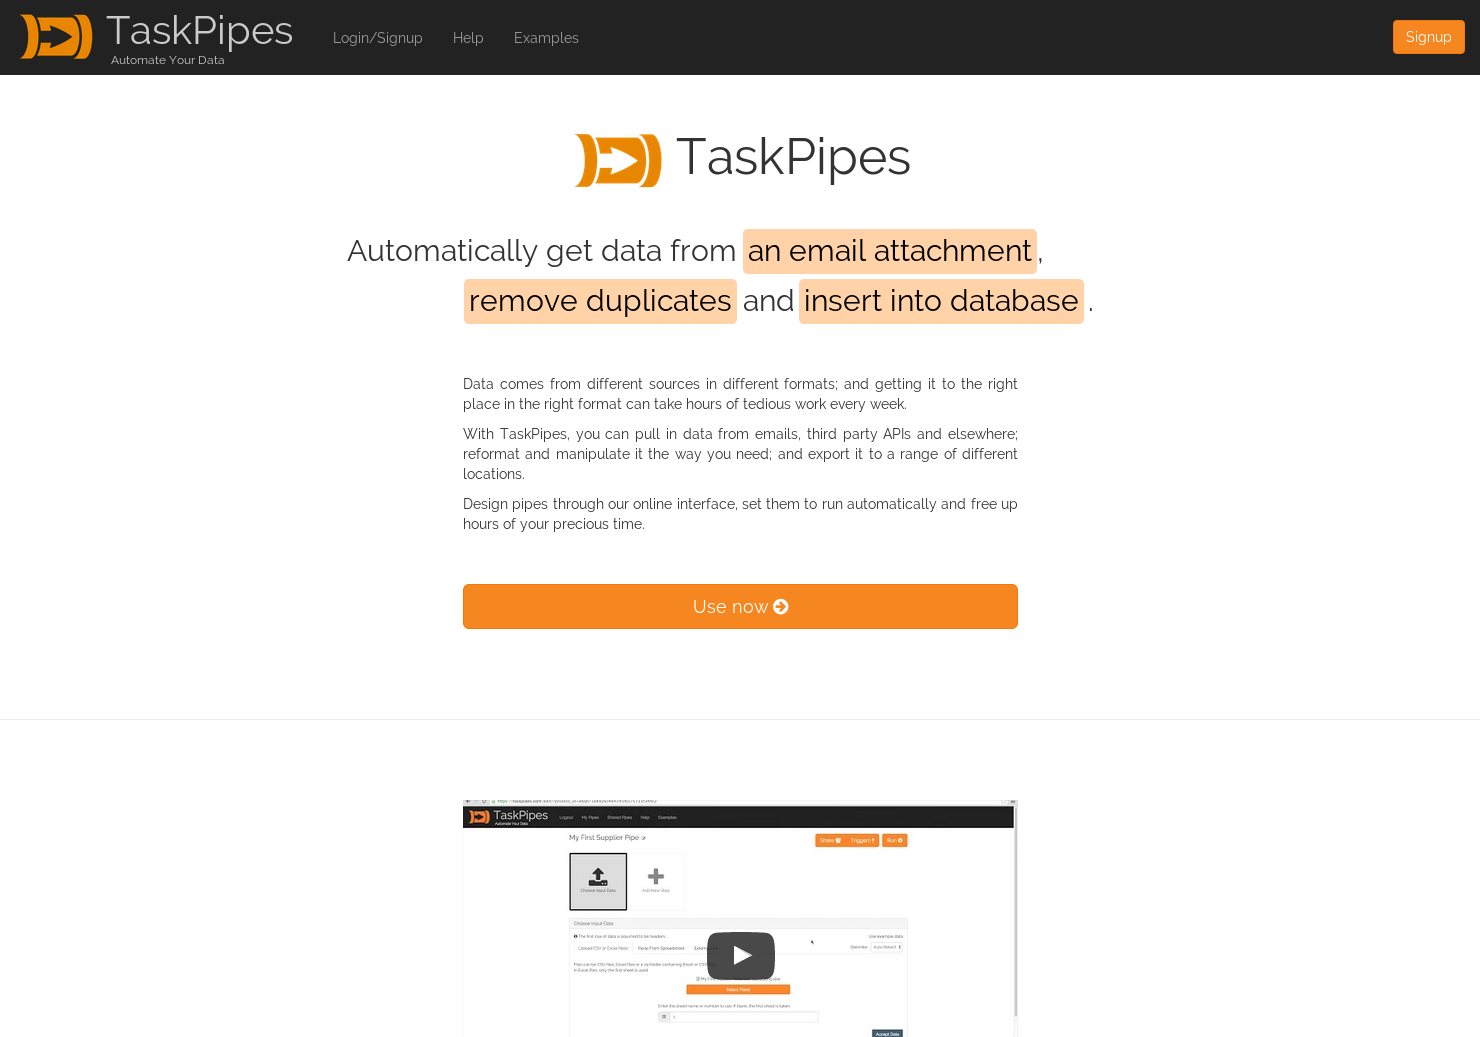 TaskPipes
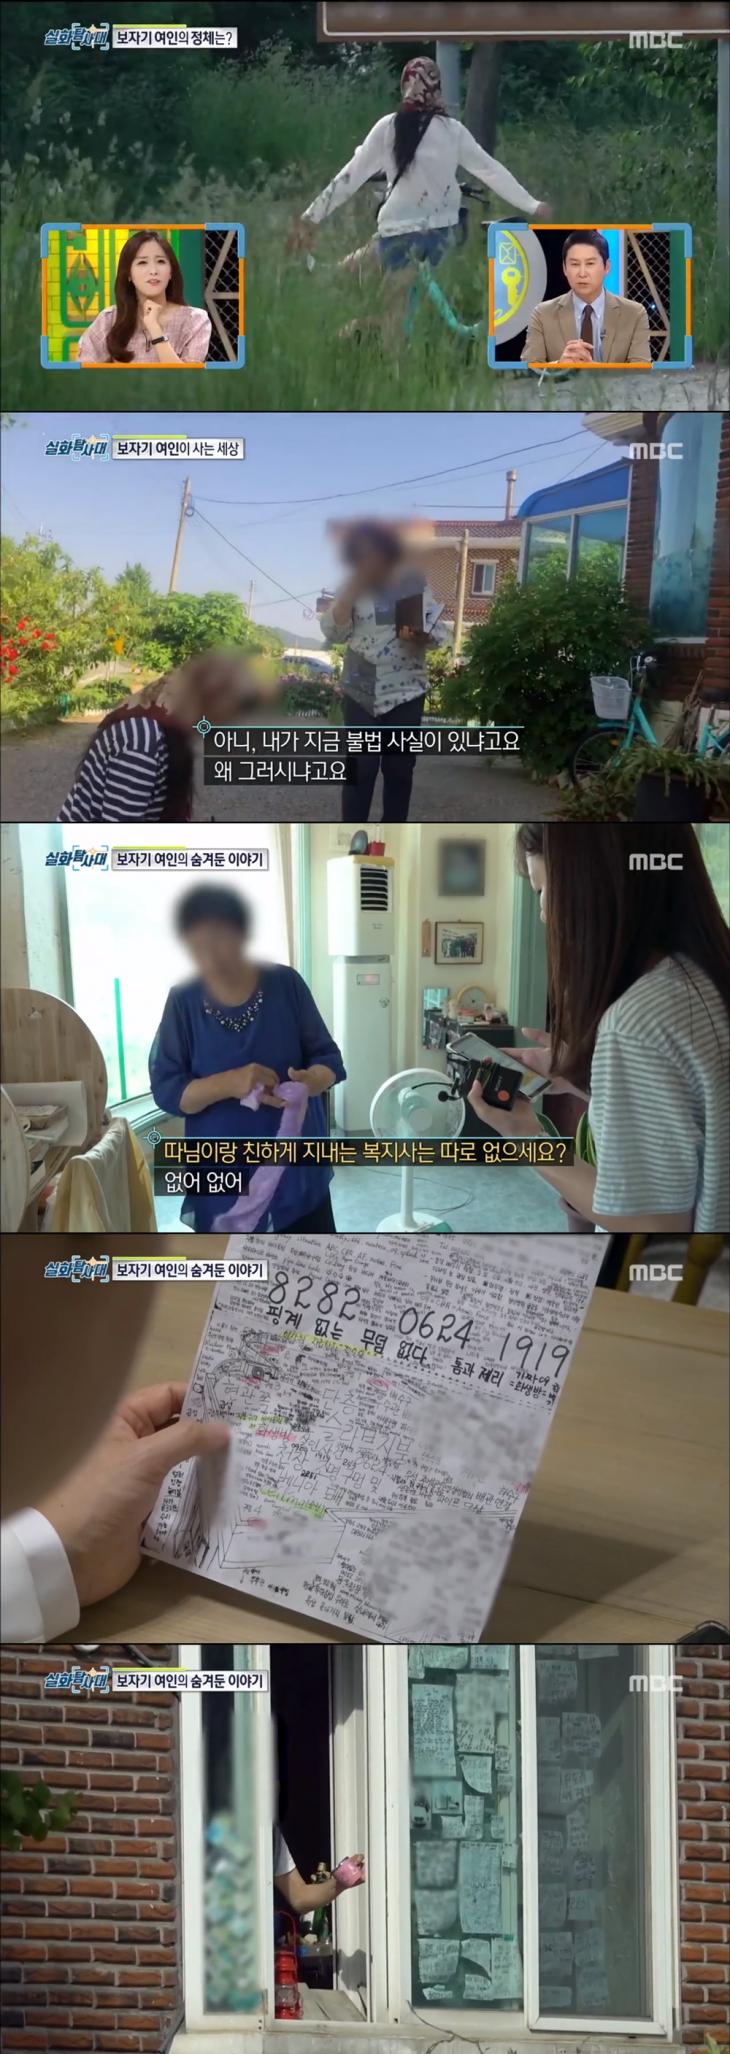 MBC '실화탐사대' 방송 캡쳐
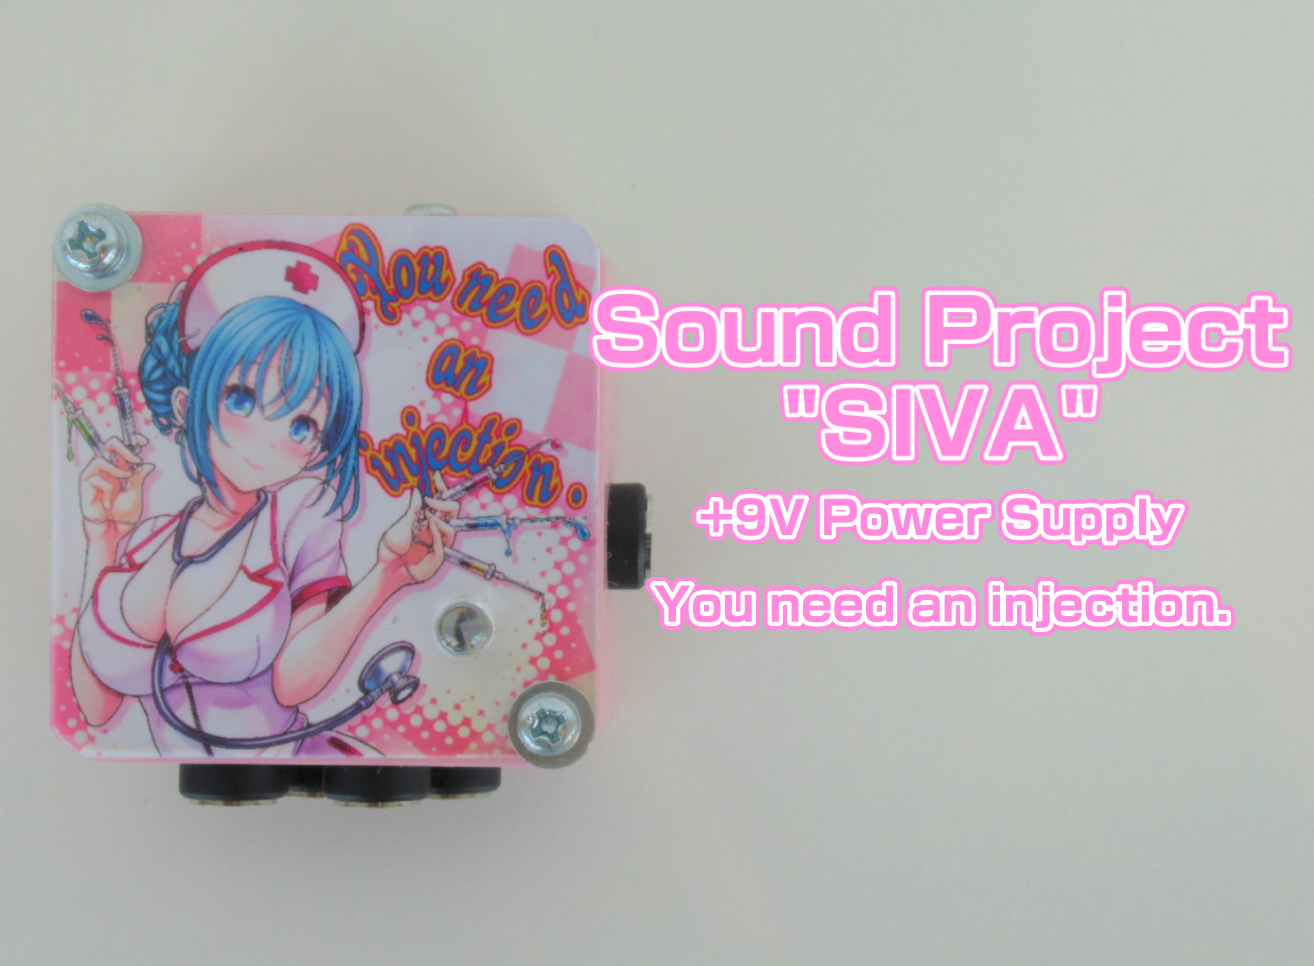 エフェクター】Sound Project “SIVA” You need an injection.展示し ...

____

# What the task asks:
Print the data once more without any change, skipping each picture.

# Answer to this problem:
 TaskPipes
 MBC '실화탐사대' 방송 캡쳐
 エフェクター】Sound Project “SIVA” You need an injection.展示し ...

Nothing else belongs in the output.